# Canadian Grocers (EMP.A, L, MRU)



## AnonymouslyInvesting (Nov 29, 2016)

It is the season for harvesting tax losses, which can present significant opportunities to pick up stocks at a discount to their historical valuations that have had a rough year. I read a note on Friday that posed some ideas to do just that. One of the stocks on the list was Empire Company Ltd. (EMP.A). The company is down over 28% this year, while their competitors, Loblaws (L) and Metro (MRU), are up 9% and 5% respectively. 

The main issue with EMP.A is the difficulty they are having with the Safeway acquisition. Their most recent quarter saw sales down marginally, but earnings were down $43.4M, or 40%! Much of that has been cost issues, but they are also losing market share to other grocers, mainly L and MRU, but also Costco and Wallmart. These are troubling trends. After the steep decline in Empire’s share price, it may be tempting to jump in. However, I went back to January 1, 1999 and looked at their Price to Trailing Twelve Month Earnings per Share (P/TTM EPS). They are currently trading just above their long-term average of ~13.5 times TTM EPS. Reasonable…but not exactly cheap for a company plagued with so many problems. 

I did the same analysis on Loblaws and Metro.
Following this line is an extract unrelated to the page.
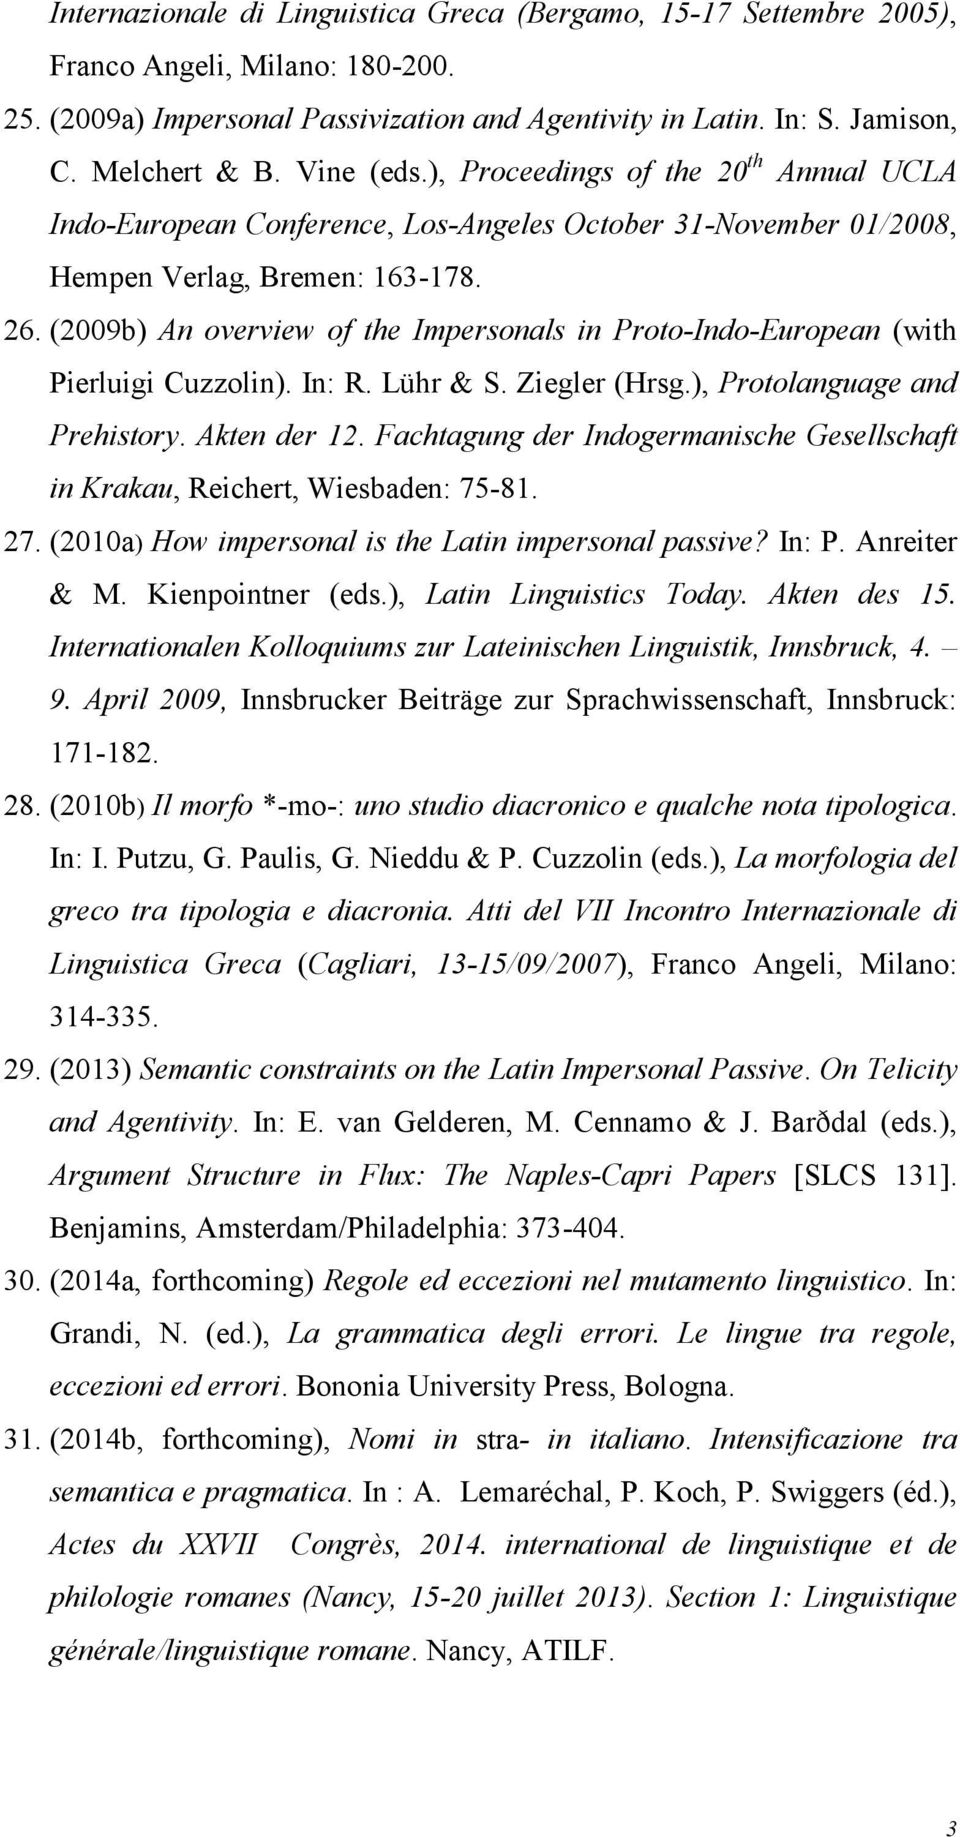 (2009b) An overview of the Impersonals in Proto-Indo-European (with Pierluigi Cuzzolin). In: R. Lühr & S. Ziegler (Hrsg.), Protolanguage and Prehistory. Akten der 12.

MRU has outperformed L by about 20% (total return) over the past three years. Some of the reasons for the outperformance is that MRU is more of a pure play in the grocery space, whereas L has their financial division and acquired Shoppers Drug Mart in 2013 for $12.4B. Metro has also done a spectacular job of passing along food price inflation (this is good for grocers, food deflation is bad for them) and have been increasing their promotional discounted brands. The latter has contributed to their gain in market share which has outweighed the squeeze in profit margins. 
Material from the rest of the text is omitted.